About Leaders To Learn From

  • Leaders to Learn From is the only district recognition program run by a news organization.

    Nearly a decade ago Education Week began a project to spotlight some of the nation’s best K-12 district leaders—highlighting their innovative strategies, profiling their track records of success, and sharing their insights and successes with the field at large.

    From the beginning, we recognized that leadership in our nation’s districts takes many forms. Our annual profiles highlight all levels of district leadership: superintendents, food-service leaders, student services coordinators, counseling staff, budget officers, and transportation and facilities managers, among others.
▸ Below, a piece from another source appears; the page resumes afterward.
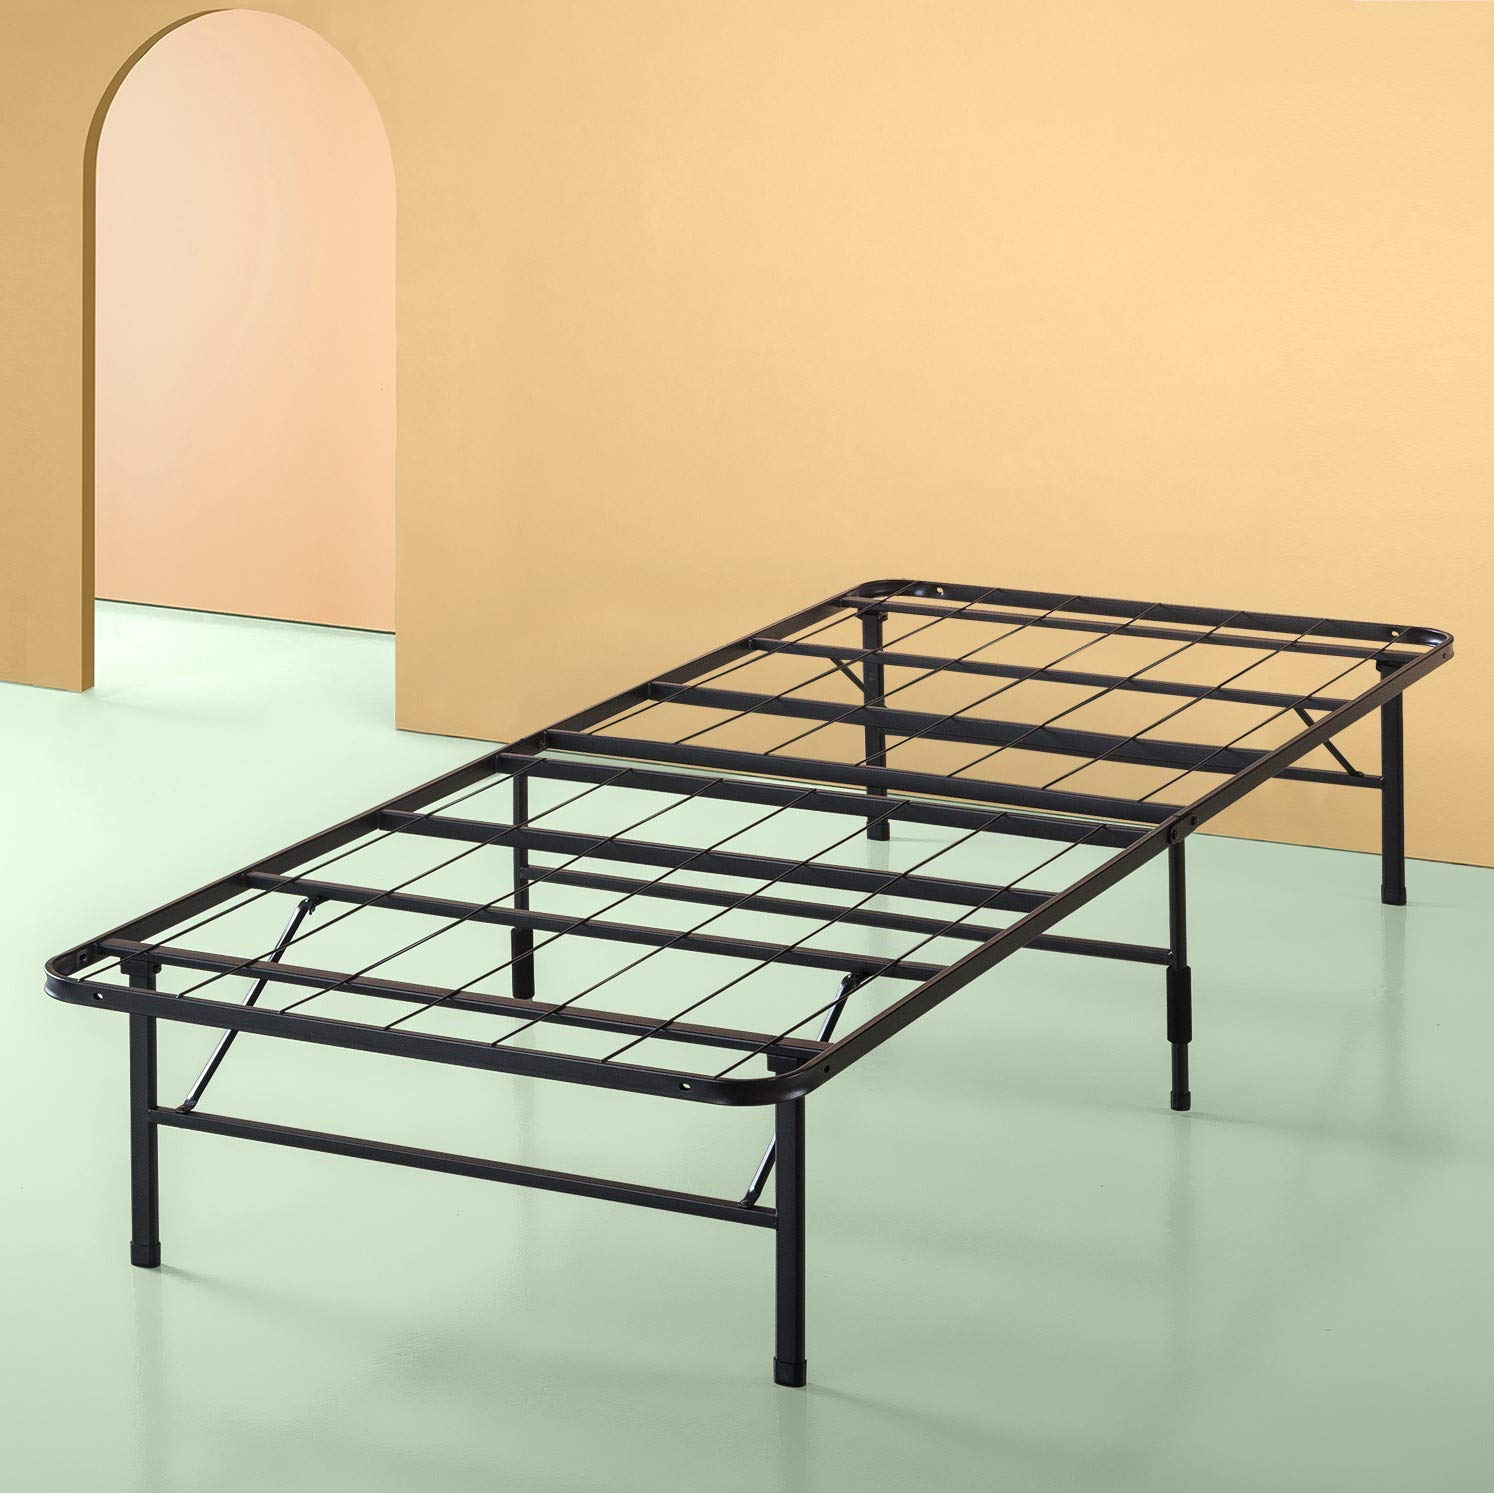 Zinus Shawn 14 Inch SmartBase Mattress Foundation / Platform Bed Frame / Box Spring Replacement / Quiet Noise-Free / Maximum Under-bed Storage, Twin by Zinus
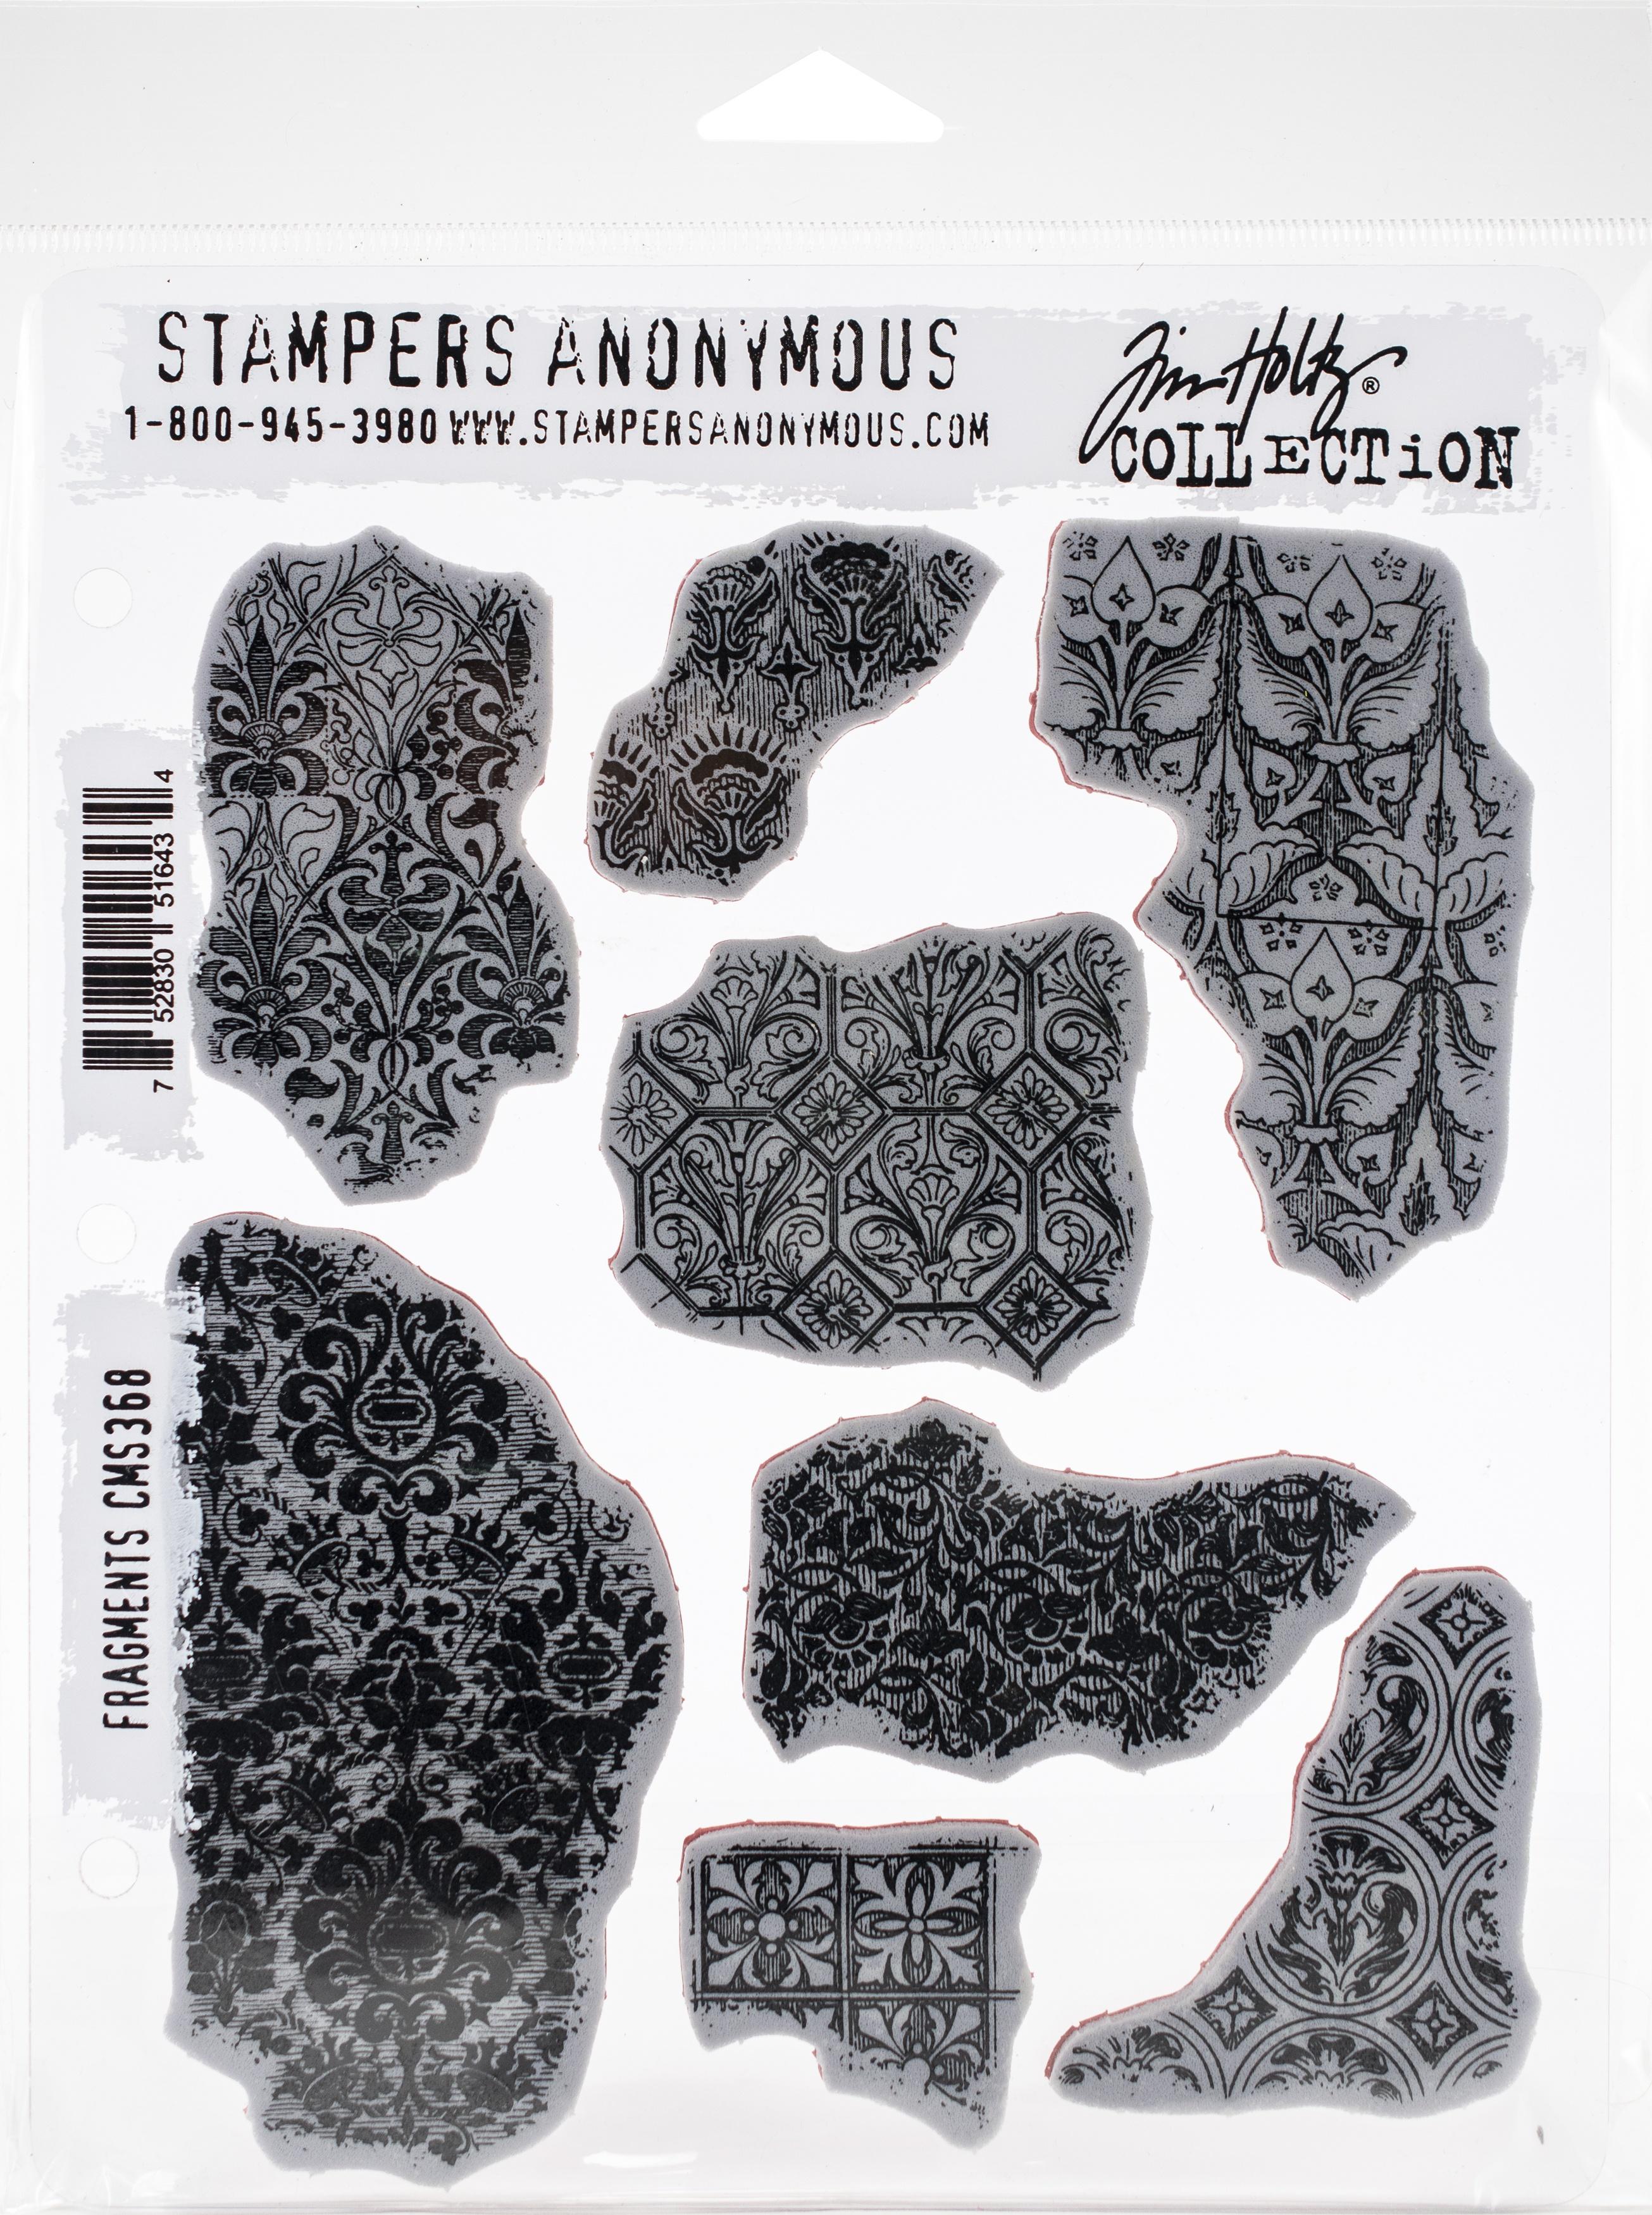 Tim Holtz - Cling Stamp - Fragments

    Our honorees have gone on to receive other national accolades and have become sought after experts and speakers in their respective fields. They include 2021 honorees Quincy Natay and Valerie Bridges, recently named the Superintendents of the Year in Arizona and North Carolina, respectively; Mohammed Choudhury, a member of the 2018 Leaders To Learn From class, who is now the Maryland state superintendent of schools; and Tiffany Anderson, a member of the 2015 class, who is now the Topeka, Kan., superintendent and a leading speaker on educating students experiencing poverty.

    Our 2022 Leaders spent weeks and years assembling the foundations to tackle the 2021-22 school year’s unparalleled challenges.

    Amid the conflicts at school board meetings, shifting guidelines over masking, and debates over curriculum, district leaders drew on their teams, their professional expertise, and their own wellsprings of resilience to keep learning on track.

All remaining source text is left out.